The authors compared full-field electroretinography (ERG) and OCT segmentation among 22 patients with NMOSD, 131 with multiple sclerosis (MS) and 28 healthy individuals. Fifteen patients with NMOSD were positive for AQP4-IgG antibodies (AQP4+), while the other 7 patients were AQP4-IgG negative (AQP4−).
The AQP4+ patients had a reduced b-wave amplitude in scotopic ERG, but not in photopic ERG, when compared with the AQP4-, MS and control groups. This reduction was mostly caused by a reduction of the slow PII component, which suggests the change arises from Müller cell dysfunction.
Patients in the AQP4+ group also had a thinner Henle fiber outer nuclear layer and inner segment layer on OCT, which was associated with the scotopic b-wave amplitude reduction. These layers correspond to the Müller cell distribution in human retinas and were shown to express AQP4 on histopathology.
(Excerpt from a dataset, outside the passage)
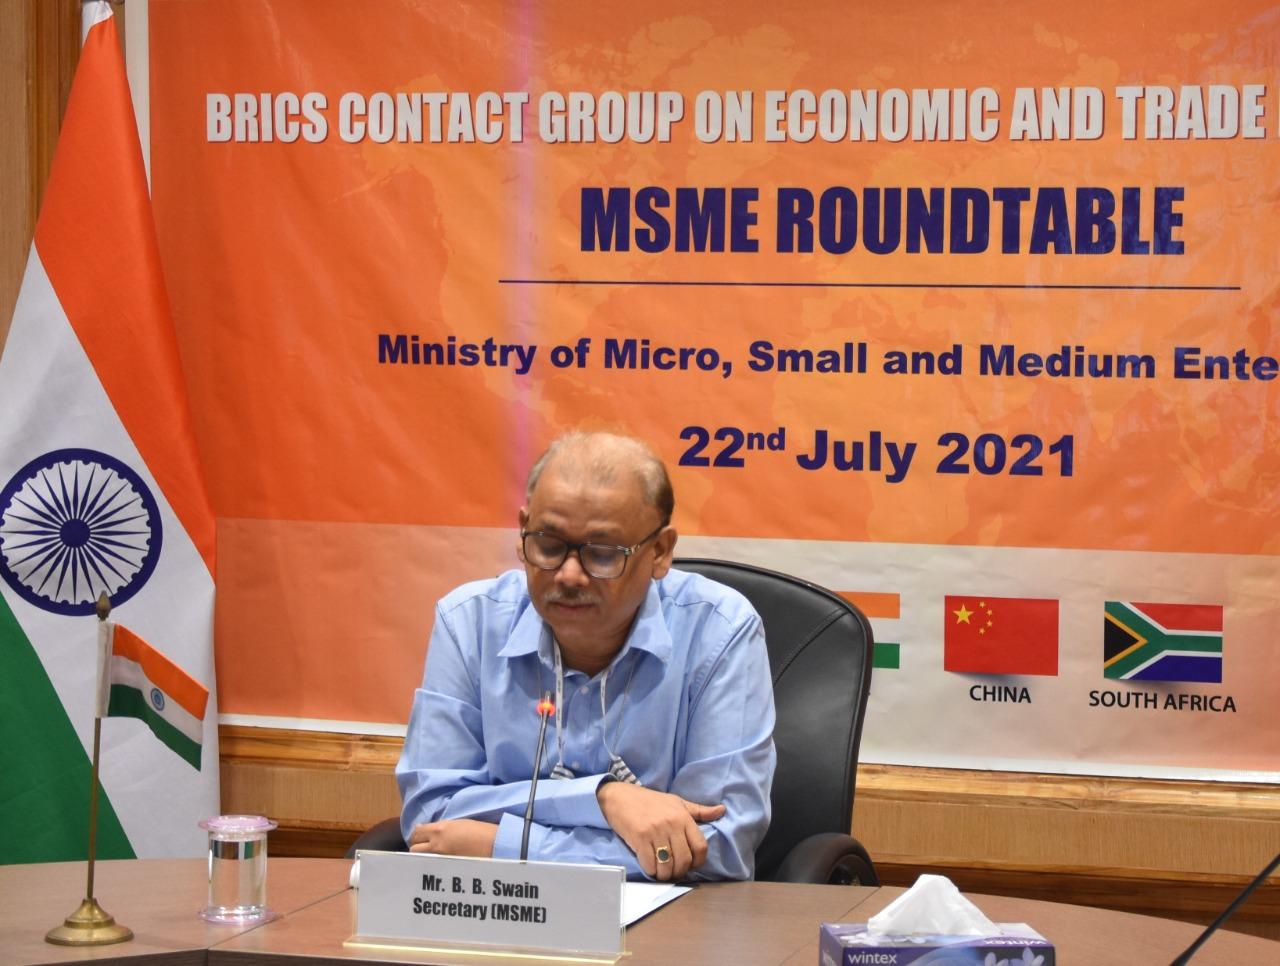 BB Swain, BRICS MSME, MSME Ministry
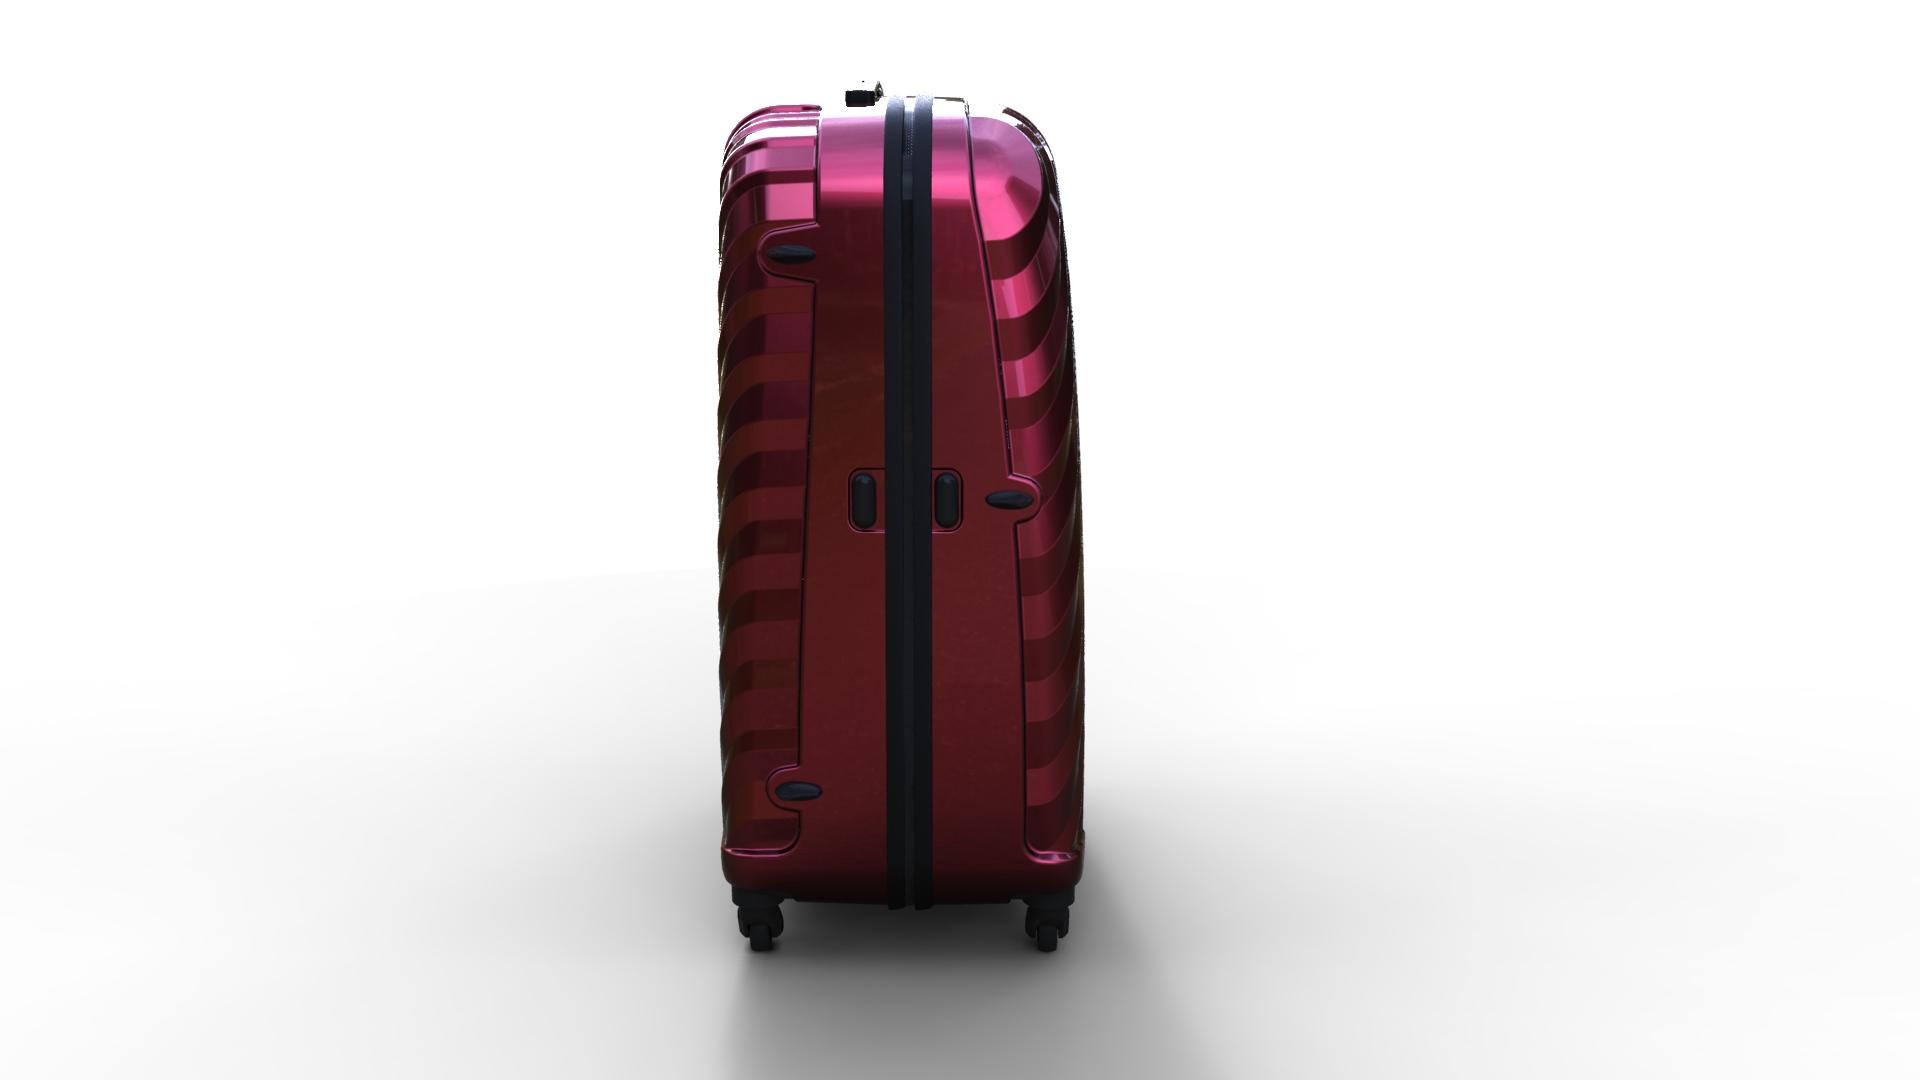 trolley suitcase bag 03 3d model max fbx ma mb obj 285999

One limitation is the small sample size of NMOSD patients. While the histopathologic studies demonstrated that AQP4 expression was predominantly within Müller cells, post mortem studies in AQP4+ NMOSD patients will be required to confirm these findings.
This study suggests that Müller cells are affected in eyes with AQP4+ NMOSD and therefore may play a role in the pathophysiology of AQP4 antibody-mediated disease. Future studies will be required to confirm whether ERG and retinal imaging can be used as biomarkers to diagnose AQP4+ NMOSD.